B. Control logic design

In order to achieve versatile signal generation as outlined in Sec. I., we have concluded that the multiplexer control signals should be switched at instants derived from output signal edges (of both polarity) thus operating PDC in a self-clocked manner. It is the most straightforward way to assure proper switching instants. Together with standard asynchronous FIFO, the PDC forms a circuit converting integer numeric data-stream consisting of desired output edge instants \( t_1, t_2, \ldots \) into actual binary waveform, Fig. 4.

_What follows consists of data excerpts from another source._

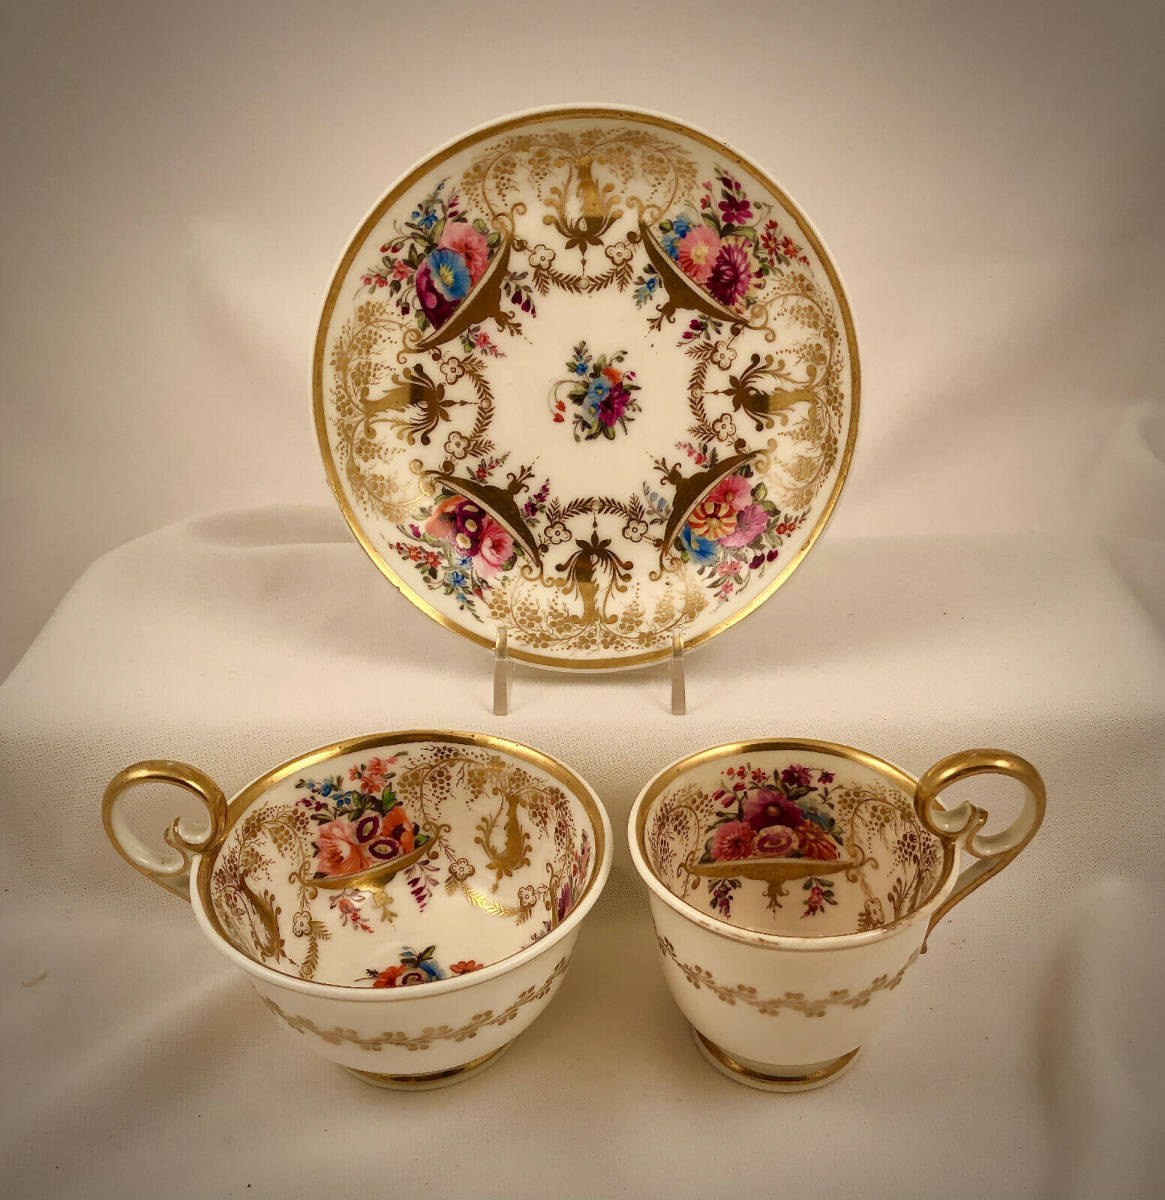 Антикварная чайно-кофейная чашка с блюдцем из Нантского залива, ручная роспись, около 1817 года. Антикварный винтаж., кухня, посуда, посуда, другие
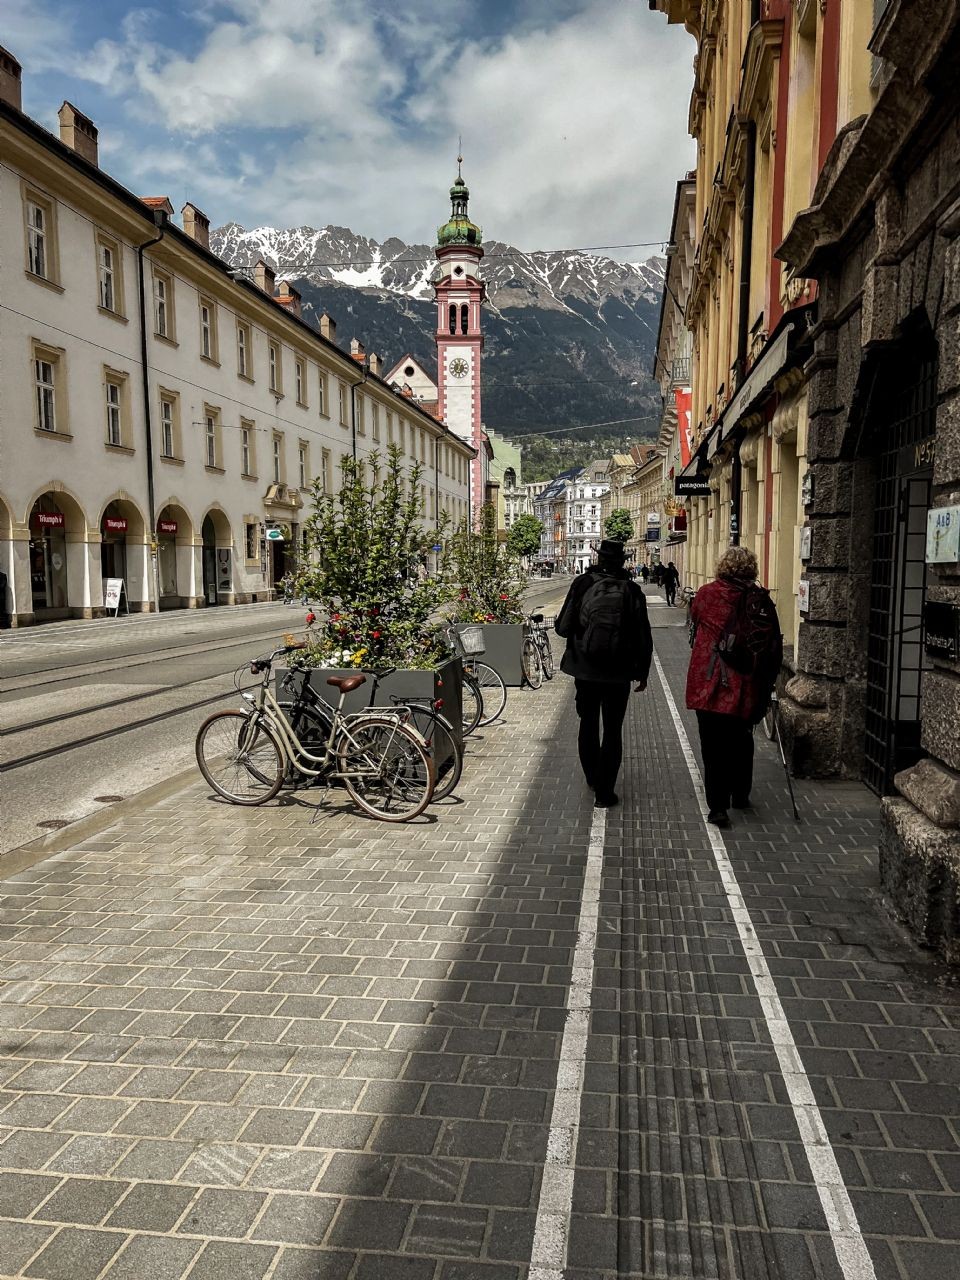 Exhilarating Activities to Try in Innsbruck, Austria
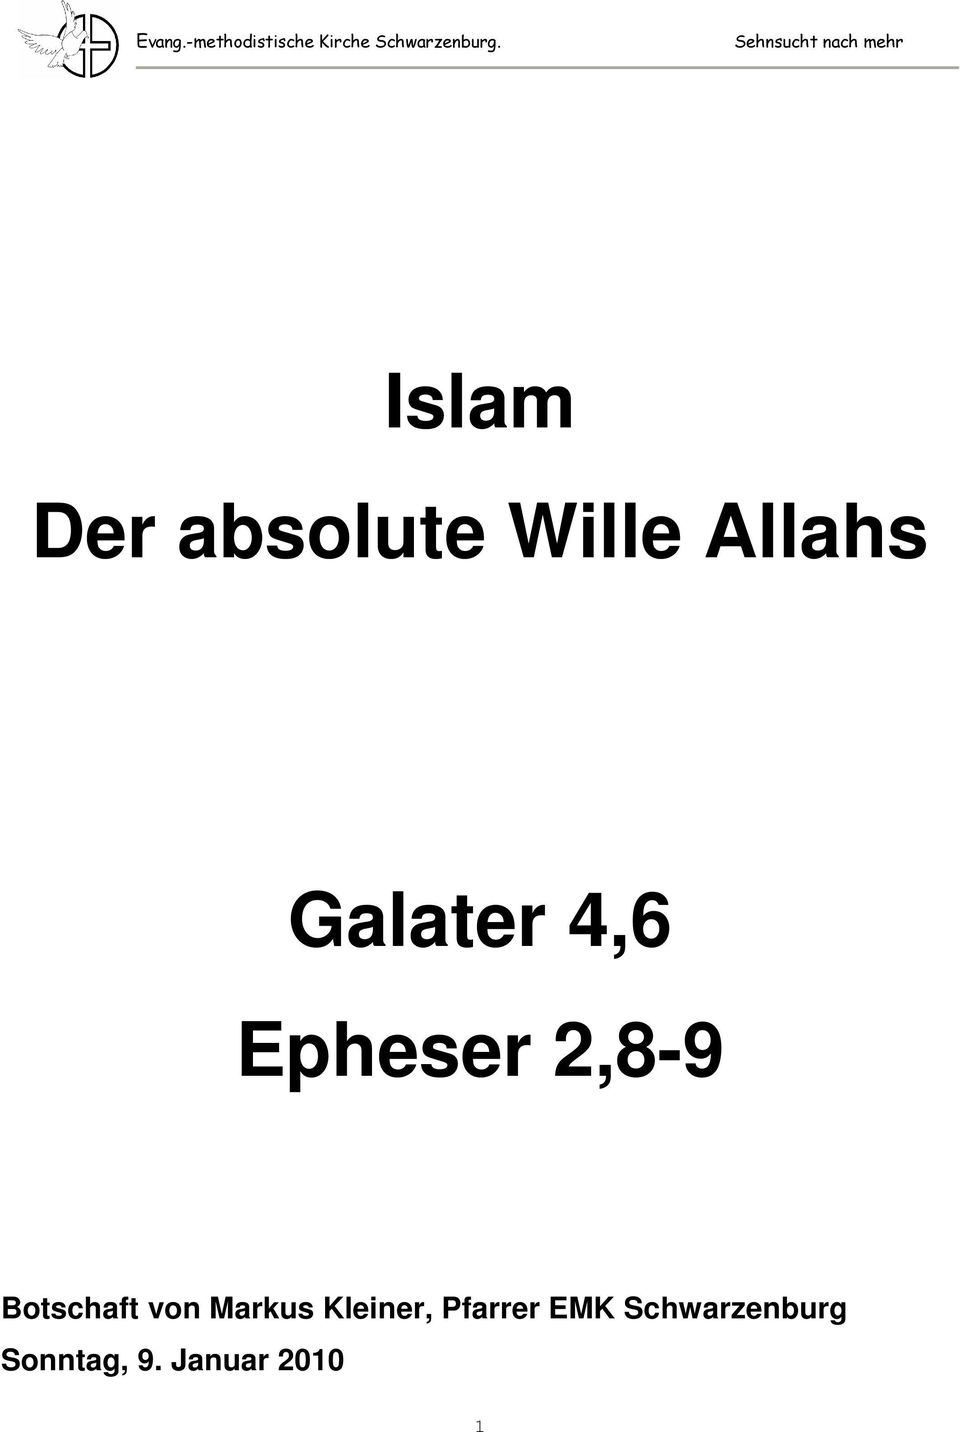 Allahs Galater 4,6 Epheser 2,8-9 Botschaft von
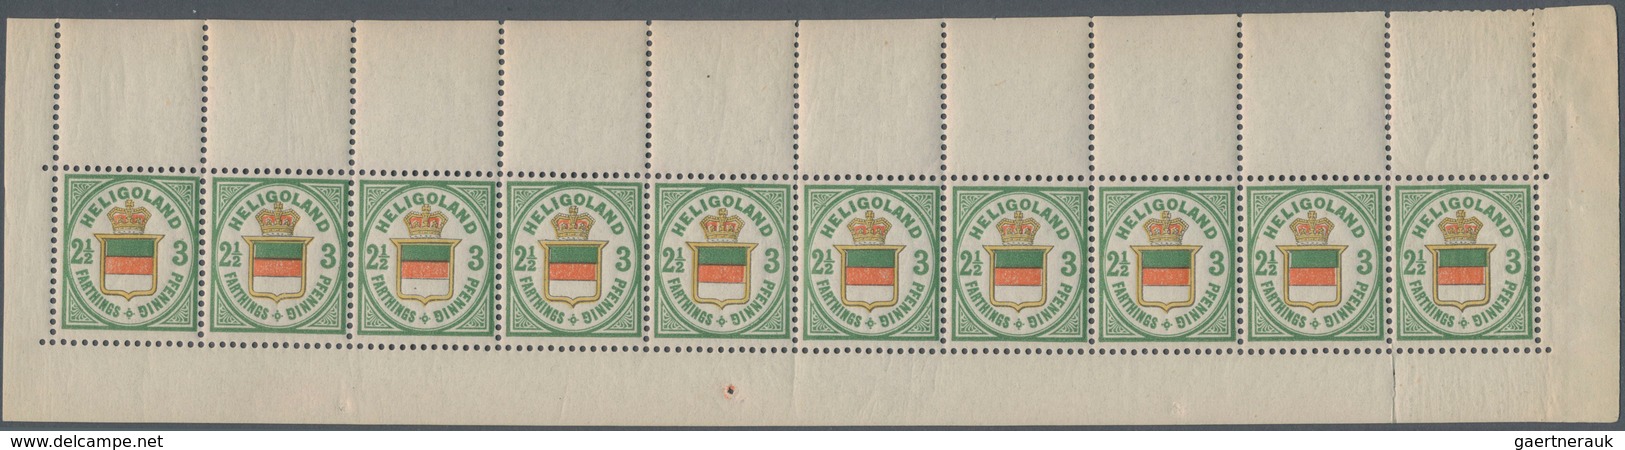 Helgoland - Marken und Briefe: 1867/1890, Zusammenstellung mit Marken und Belegen, dabei u.a. MiNr.

Block diagram of the PDC circuit is shown in Fig. 3. There are two identical delay lines, in order to mitigate glitches which may occur at the output of the delay line during control input reconfiguration. Just after a rising edge passes through the upper delay line, output multiplexer is switched down to the other delay line. Until next (falling) edge passes, the upper delay line may be safely reconfigured. After passage of the falling edge, the multiplexer is switched back to the upper line, and the lower delay line may be rearranged. Then, the process repeats. Both delay lines are controlled by binary delay words, one for the rising edges, other for the falling edges. The words are stored in respective registers. Loading of the registers and switching of the output multiplexer is controlled by the key part of the design, asynchronous state machine. Most importantly, it generates a non-uniform clock signal derived from the delayed edges. This clock also governs readout of the delay words from data source, i.e. a sequencer (in case of fixed sequence) or FIFO (if delays come from a complex computing system).

The most severe difficulty of the design lies in an unwanted (idle) delay between delay line reconfiguration instant and settling of output signal. In case of cascaded structure (Fig. 2a), only \( d_1 \) has always up-to-date signal at its input and inside. But \( d_2 \ldots d_a \) have to absorb new input condition upon reconfiguration, what may take up to \( \sum_{k=2}^n d_k \) amount of time. Pass-through delay of all multiplexers adds up. The tree-like structure (Fig. 2b) does not suffer from such transient problem, so its settling delay belongs solely to the multiplexers.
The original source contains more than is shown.